Hugo Mora, a patient with addiction, speaks with doctor Luis Suárez in the detoxification area of a Guayaquil hospital January 6. MARCO’S PIN (AFP)
“It all started when I started school, my friend told me this is H, it will do you good,” Pablo recounts his first experience with heroin, which they call H, the most dangerous drug circulating on the streets of Guayaquil , in Ecuador. It is highly addictive and so cheap that it can easily be sold in schools. It is consumed by children from 12 years of age.

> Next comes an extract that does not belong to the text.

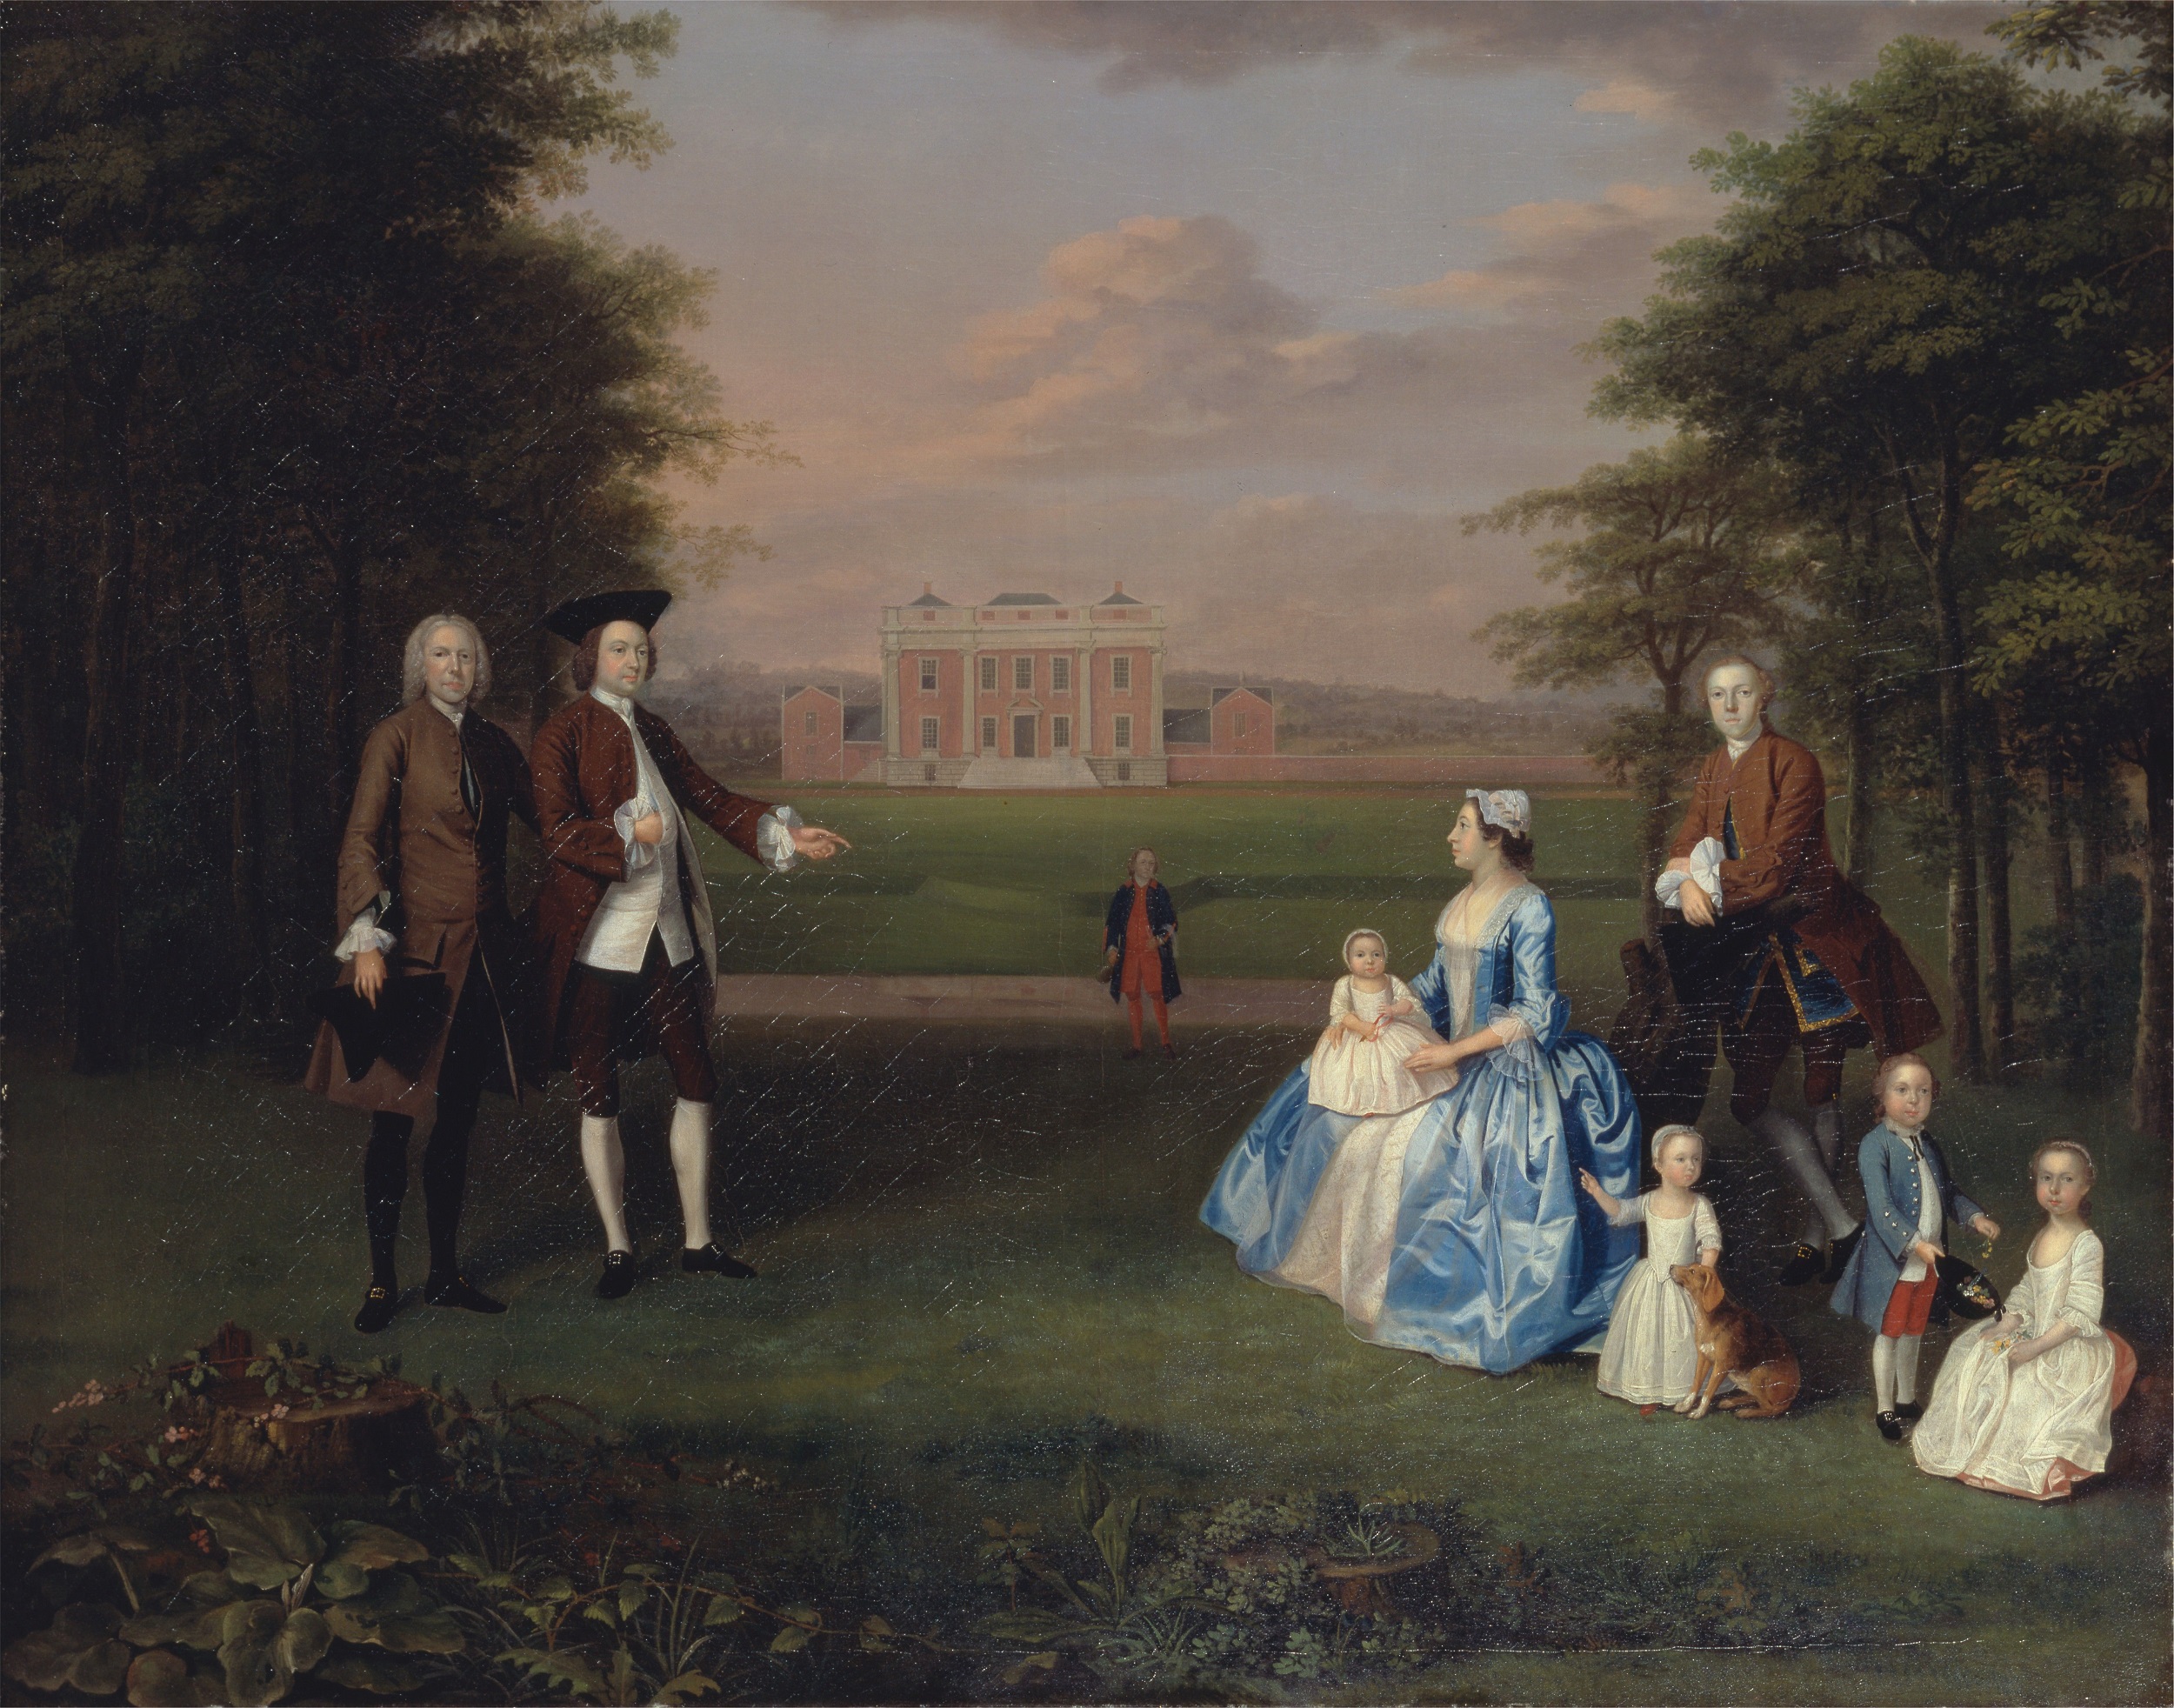 Oil painting of a European family with four men, one woman in a blue silk dress, and four children, seated in a landscape with a large estate in the background.

Pablo was 15 when he tried it “out of curiosity”. “They didn’t force me and I was fine, although I felt nauseous and dizzy the first time.” Two years have passed since then and the addiction escalated until he dropped out of school and home. Now he wanders the streets selling anything that will allow him to buy the daily dose for a few dollars.
He looks malnourished, his face emaciated, like someone who only sleeps a few hours. His hands are frozen and he repeatedly rubs them on his pants. “I have three hours without consumption,” he says, explaining the cold he feels in a city where it’s always hot. You have withdrawal symptoms.

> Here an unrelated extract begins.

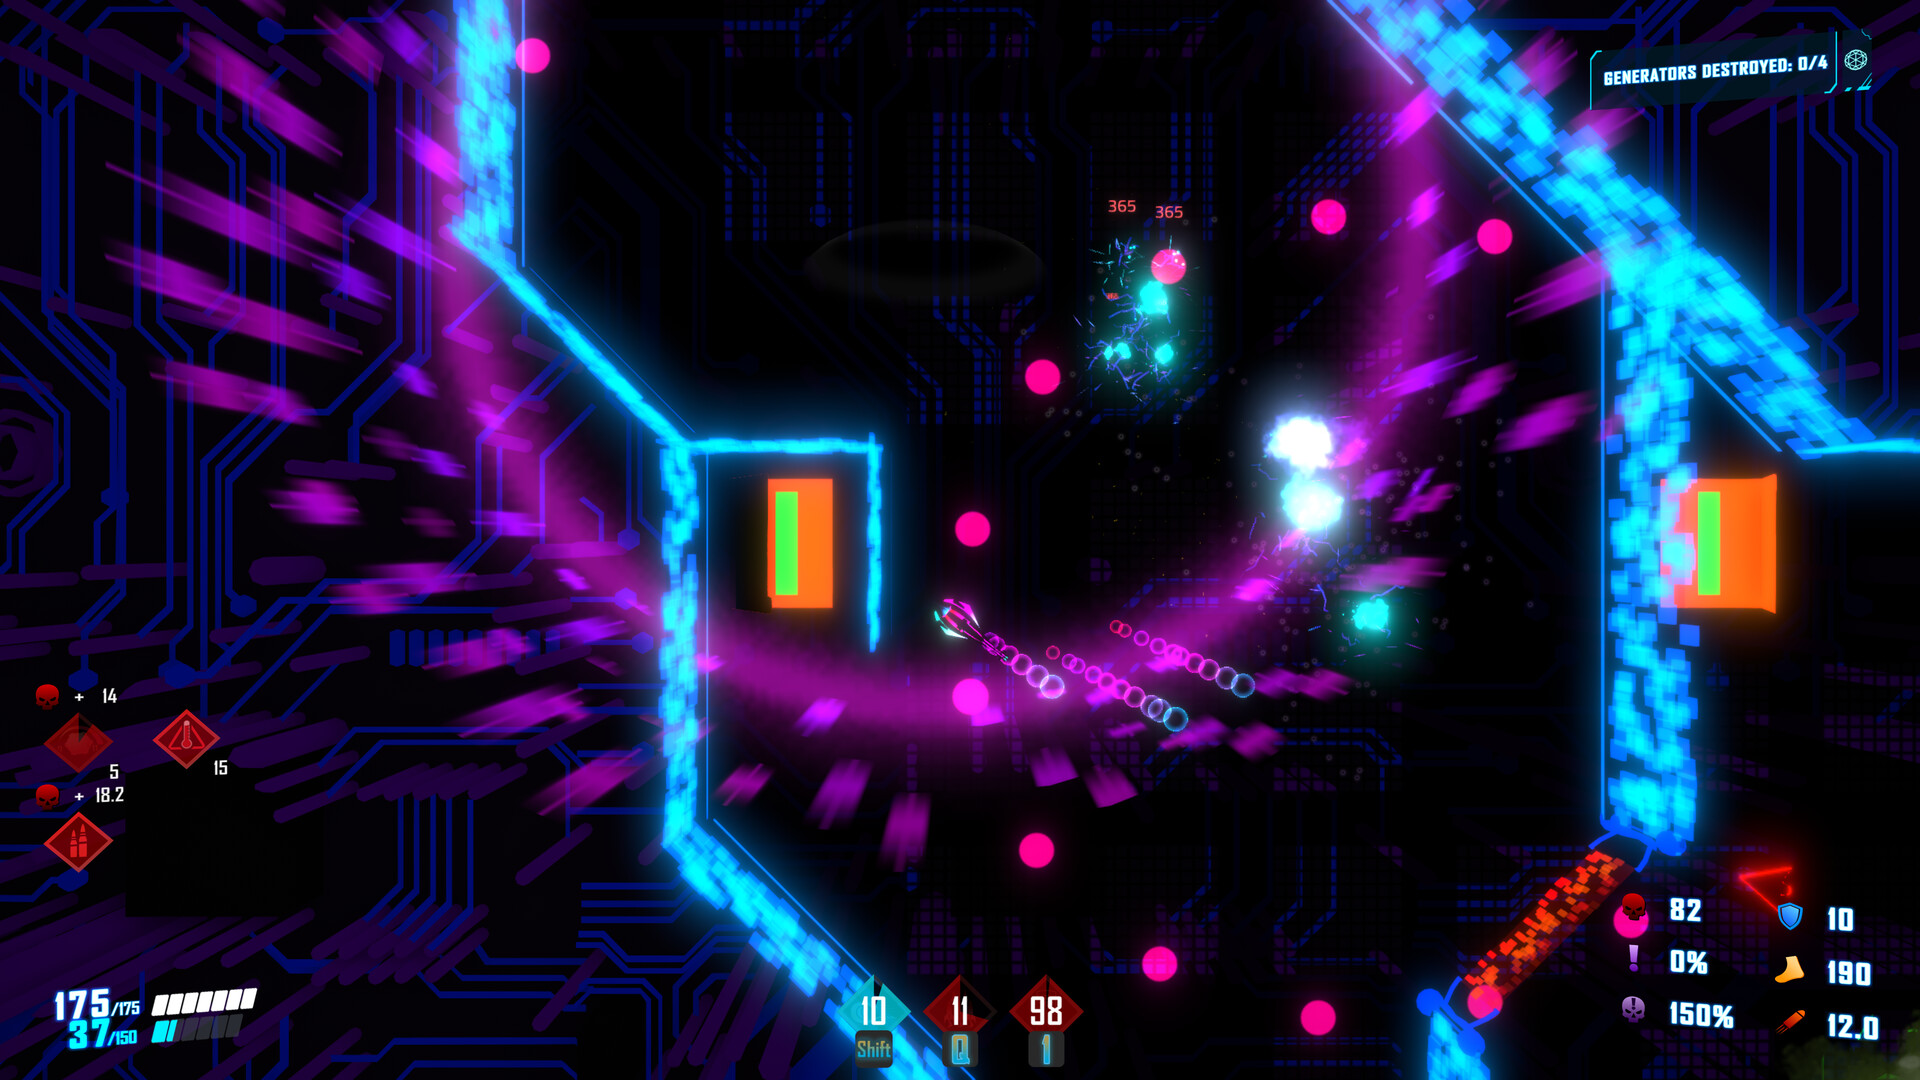 Beat the Machine: Rebooted - Soundtrack Featured Screenshot #1

The H has a base of heroin mixed with amphetamines, construction cement, paint scraped off the walls, and even small doses of rat poison have been found. The mix alternates between dealers. A 1-gram H case sells for $1.25 on the street, and for the average consumer, that amount only lasts a few hours. “The drug, while cheaper, is more toxic and therefore more harmful,” says Rómulo Bermeo, an addiction doctor who works with the Drug Prevention Commission of the Guayas College of Physicians.
Bermeo makes many visits to places where H users are known to congregate, trying to convince them to go on a detox regimen. “I explain to them that we will not admit them to a clinic, that it can be an outpatient clinic,” he explains.

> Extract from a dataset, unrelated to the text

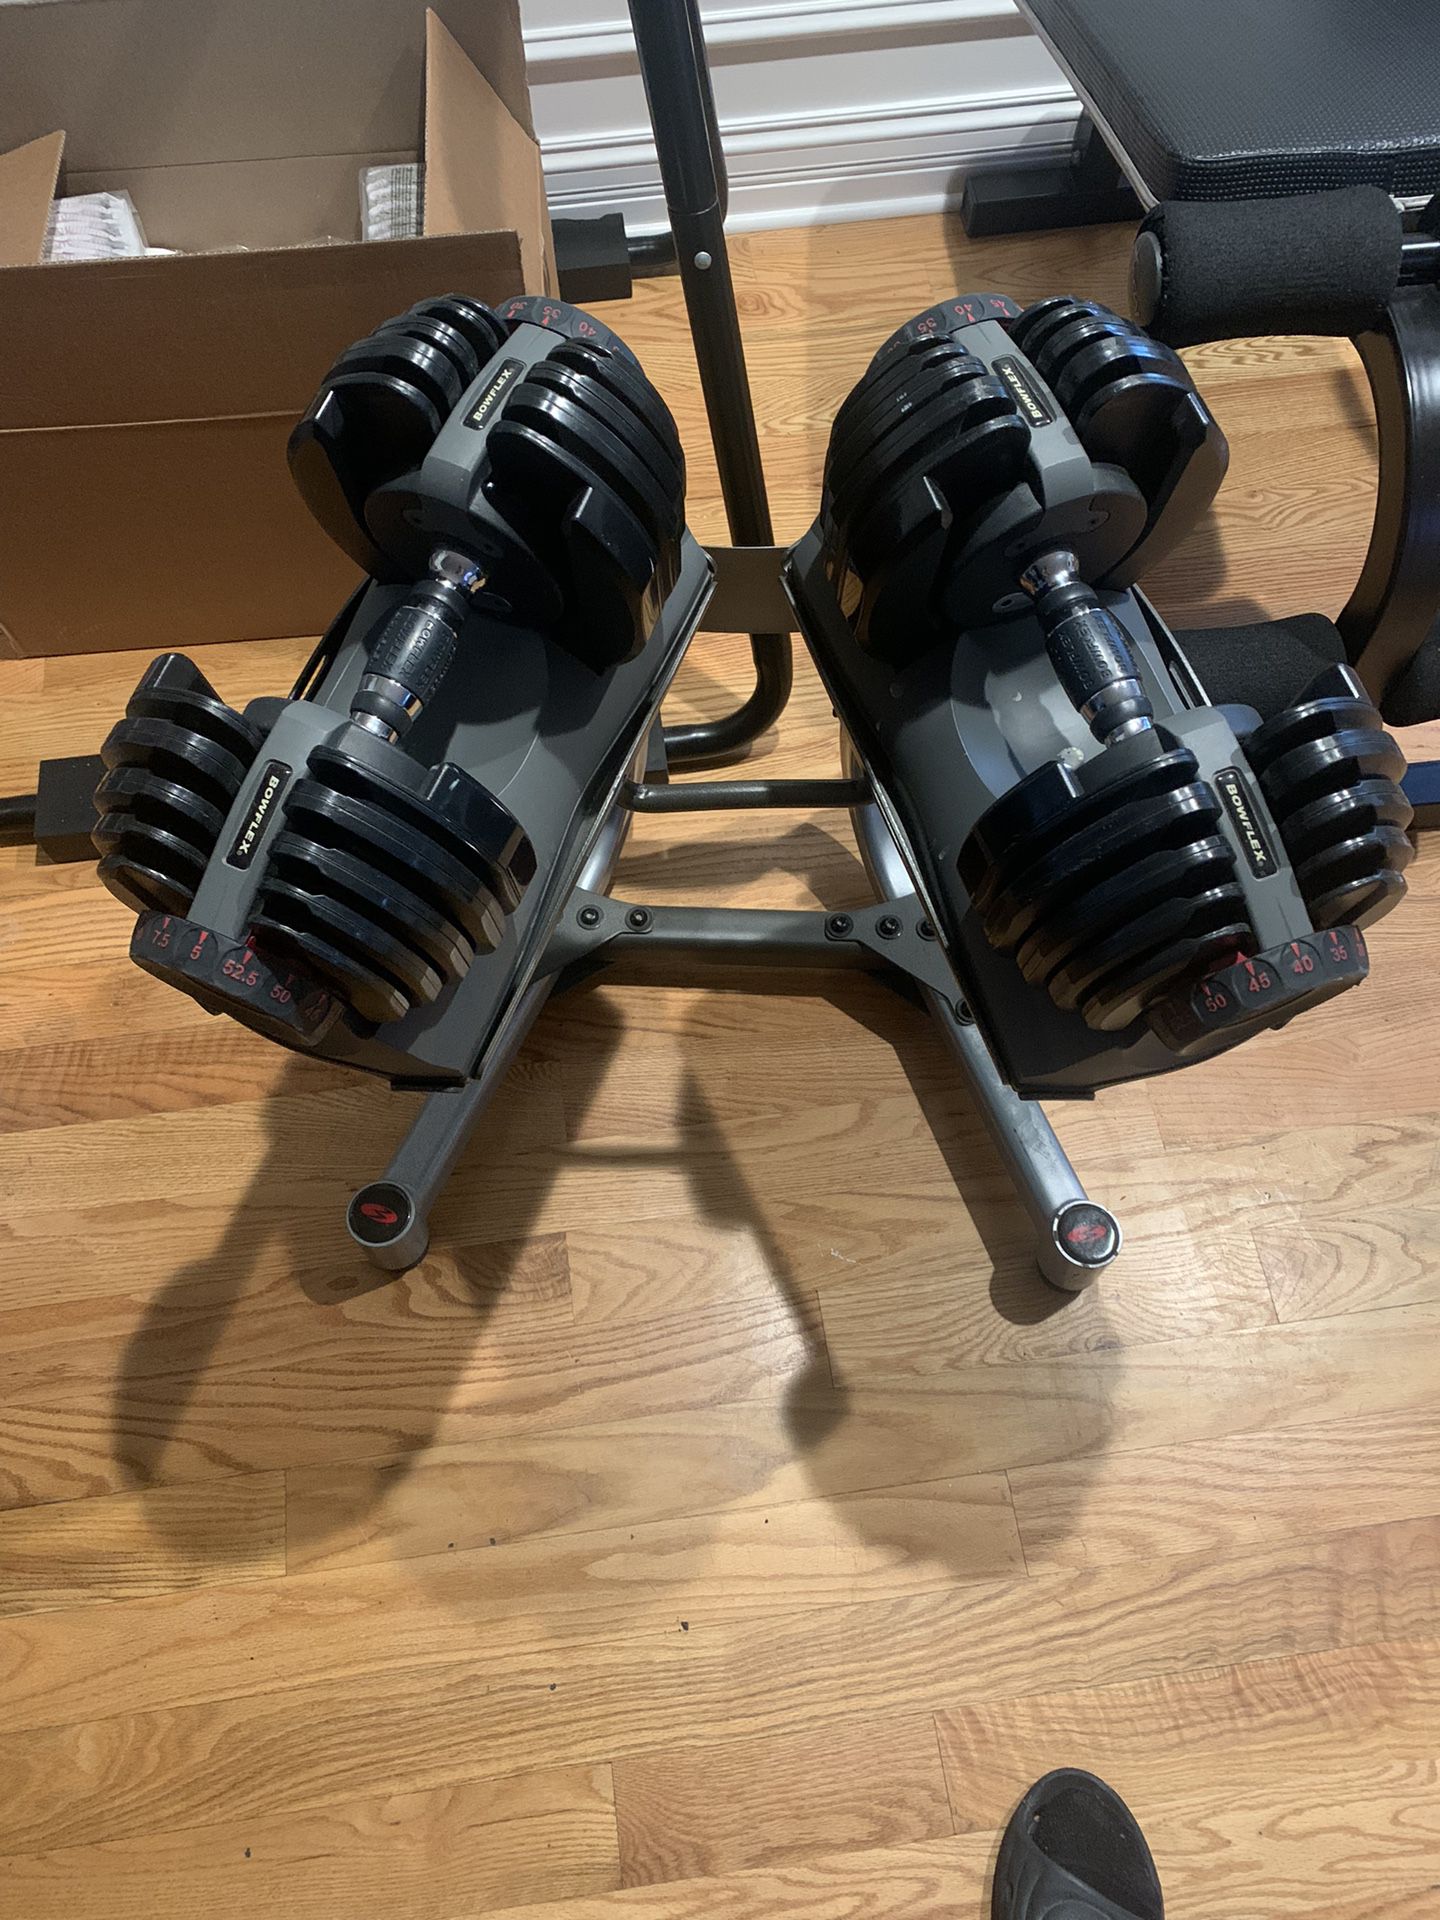 2 Bowflex 552 Adjustable 55lbs Dumbbells And Stand

Among the neighborhoods it passes through is the Suburbio, one of the most populated in Guayaquil, where the hacheritos, as consumers call them, roam around like zombies selling bottled water or candy. You buy from merchants at any time of the day. You open the case, dip your finger in the powder and inhale. They take their water bottles and walk slowly. Nobody tells them anything. “They used to be wary of being seen as consuming, but not now. Even on the bus they use up and you just don’t have to look,” says Rocío, a resident of the industry.
In the suburbs, drug micro-trafficking networks have made good use of the vulnerabilities of populations surviving on informal trade, street sales and precarious services. dr Bermeo frequents H Street, which they have dubbed the Drug Mall, several days a week. In this block you can get all sorts of stuff – cocaine, marijuana, plop plop, cripy and H – for just a few bucks.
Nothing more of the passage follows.